▶ **Work task**: Nothing but the lines from the one with "Corbin Kentucky Souvenir" through the end of the data should be set down, each exactly as written, and no picture should be included.

▶ **Dataset section**:
━━━━━━━━━━━━━━━━━━━━━━━━━━━━━━

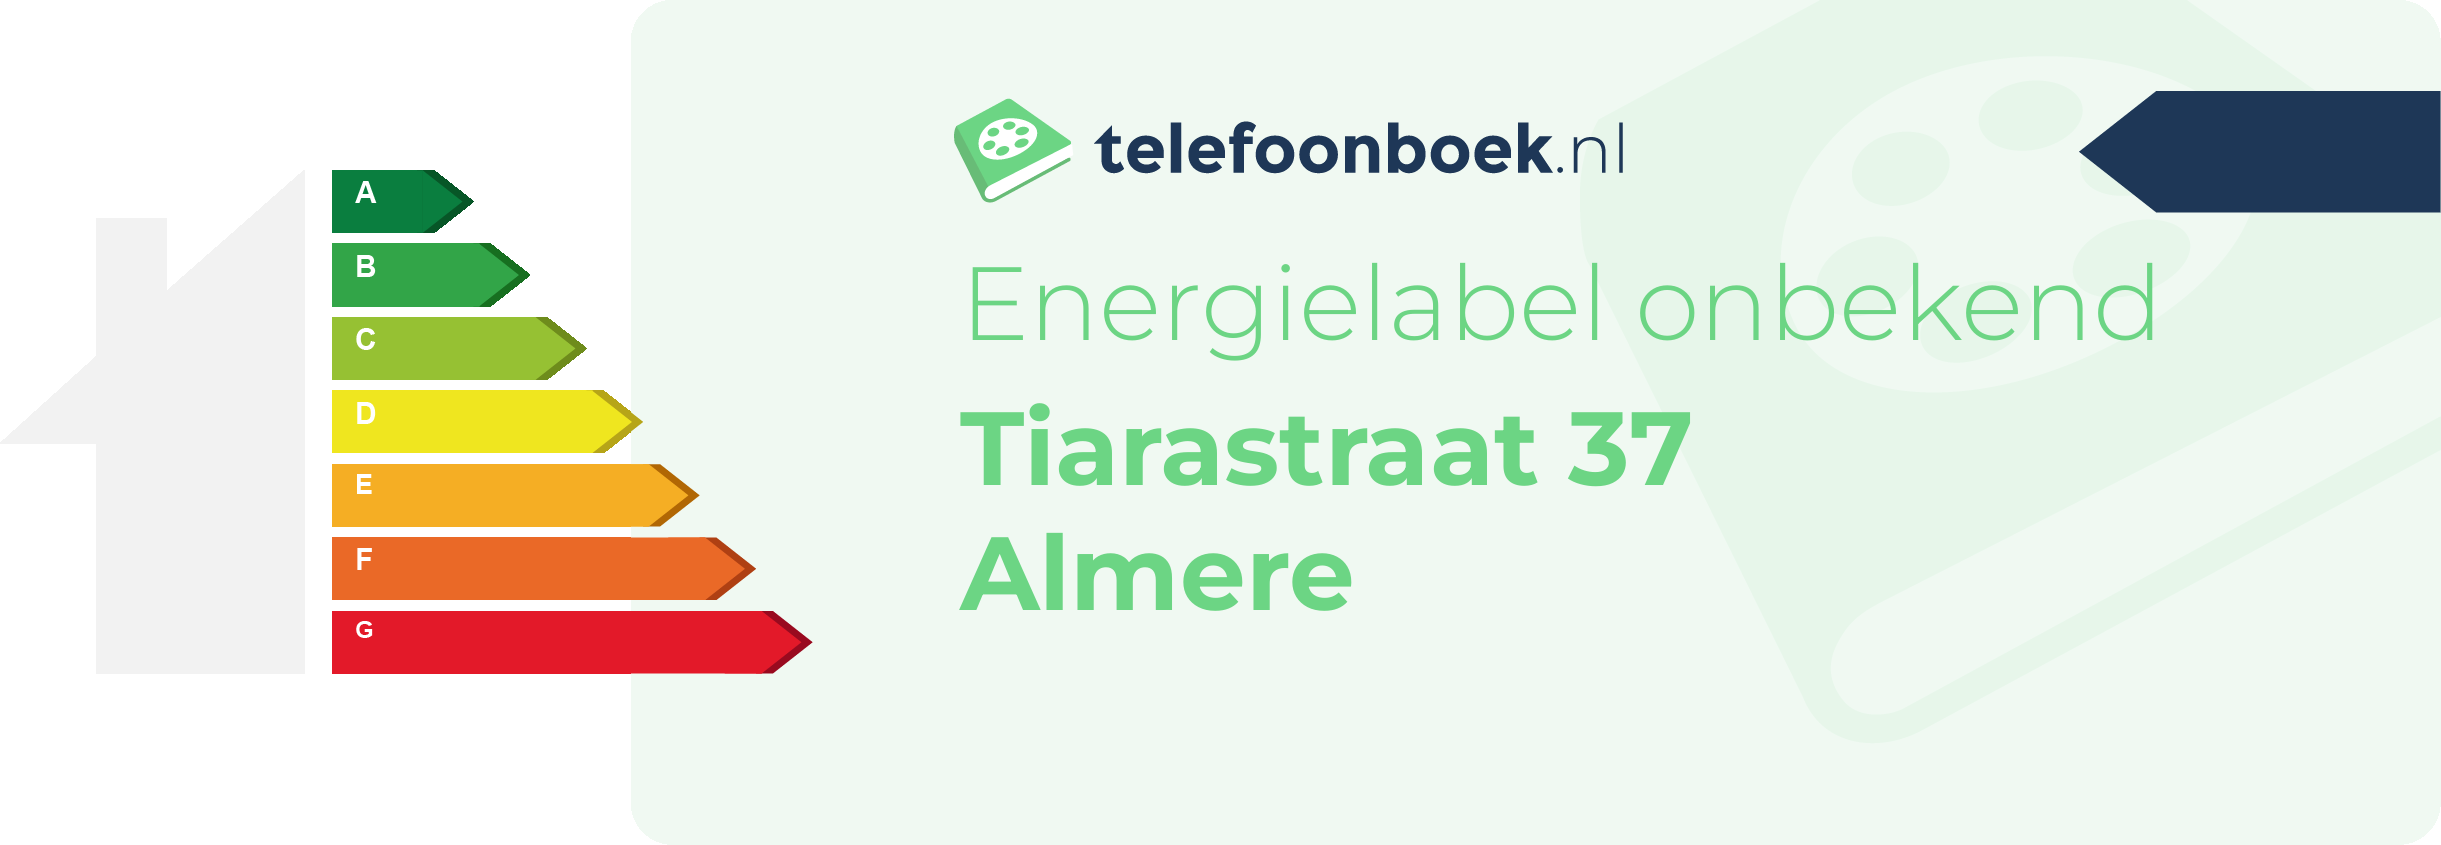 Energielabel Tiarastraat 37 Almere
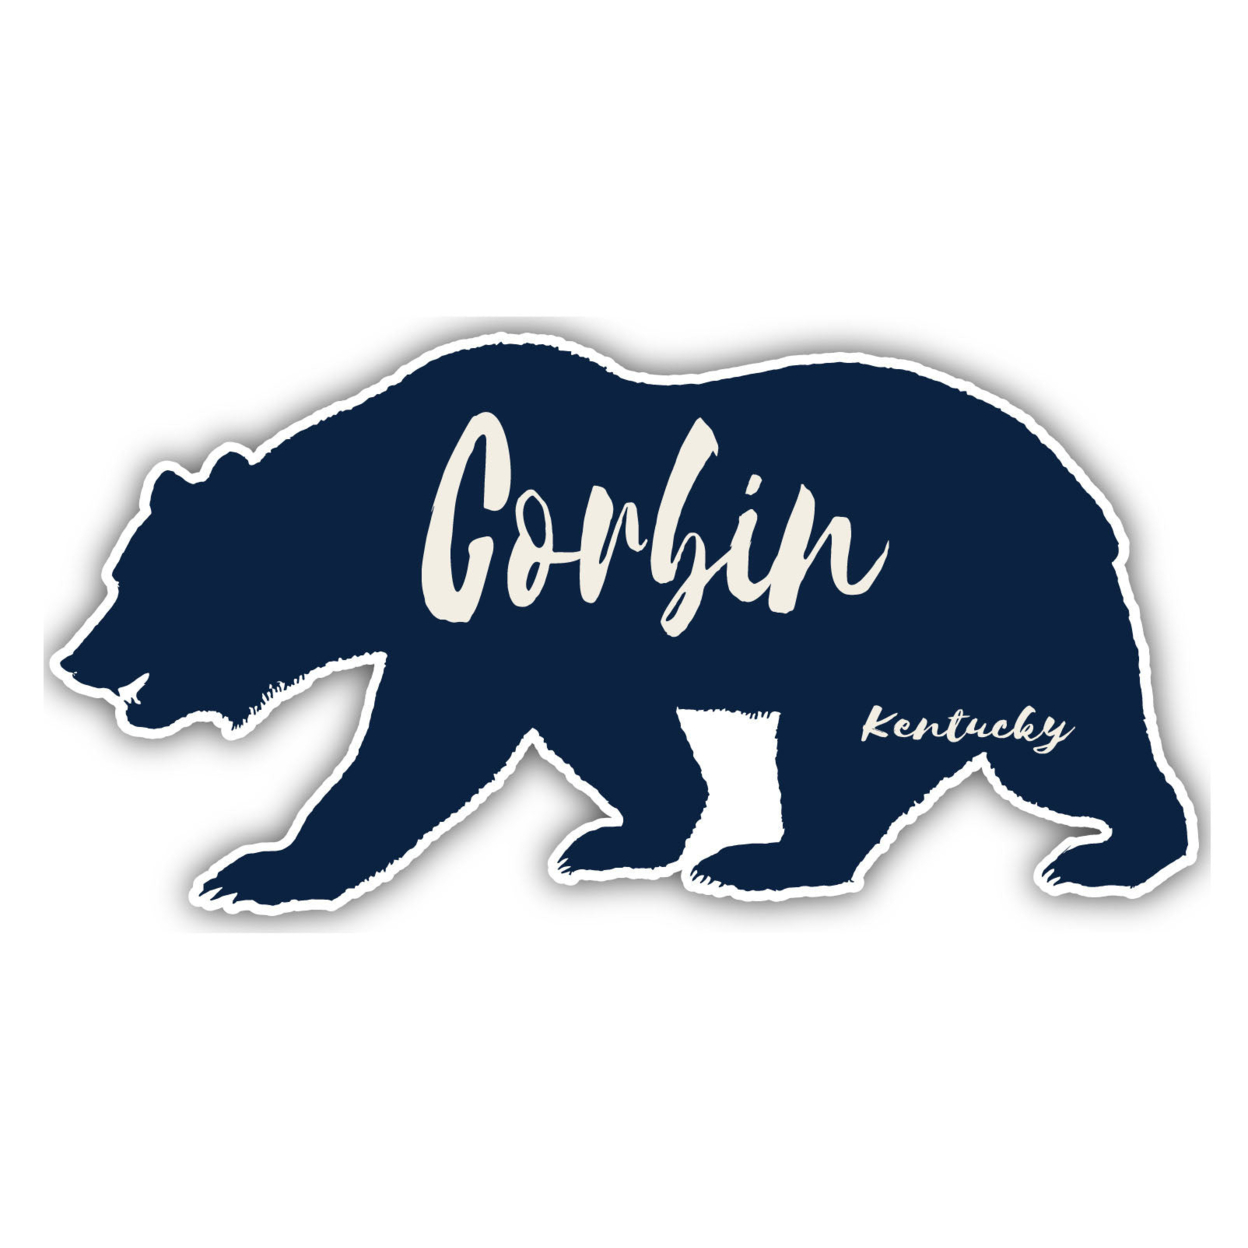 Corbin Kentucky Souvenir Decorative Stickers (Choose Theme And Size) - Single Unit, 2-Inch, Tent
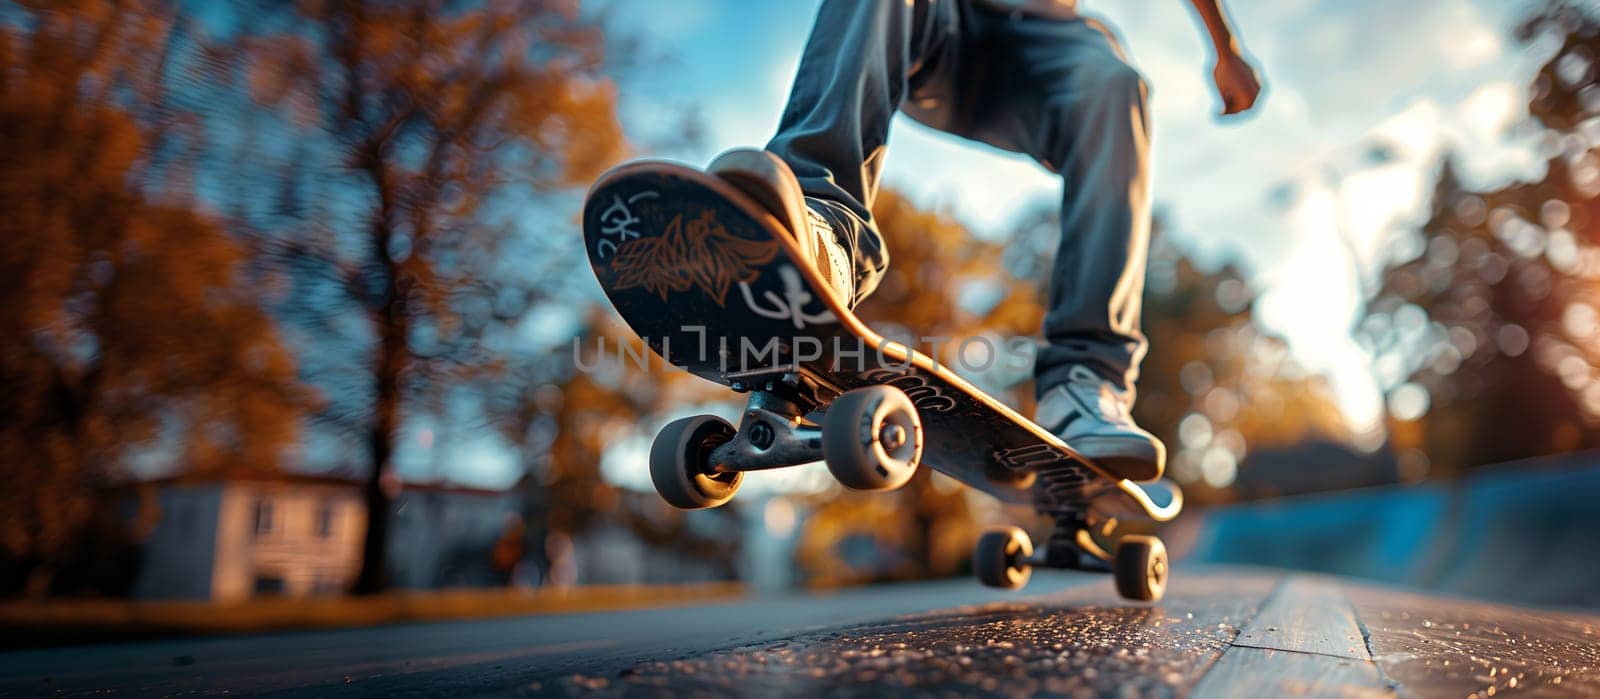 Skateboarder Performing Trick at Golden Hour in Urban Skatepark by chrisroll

━━━━━━━━━━━━━━━━━━━━━━━━━━━━━━

▶ **Task solution**:
 Corbin Kentucky Souvenir Decorative Stickers (Choose Theme And Size) - Single Unit, 2-Inch, Tent
 Skateboarder Performing Trick at Golden Hour in Urban Skatepark by chrisroll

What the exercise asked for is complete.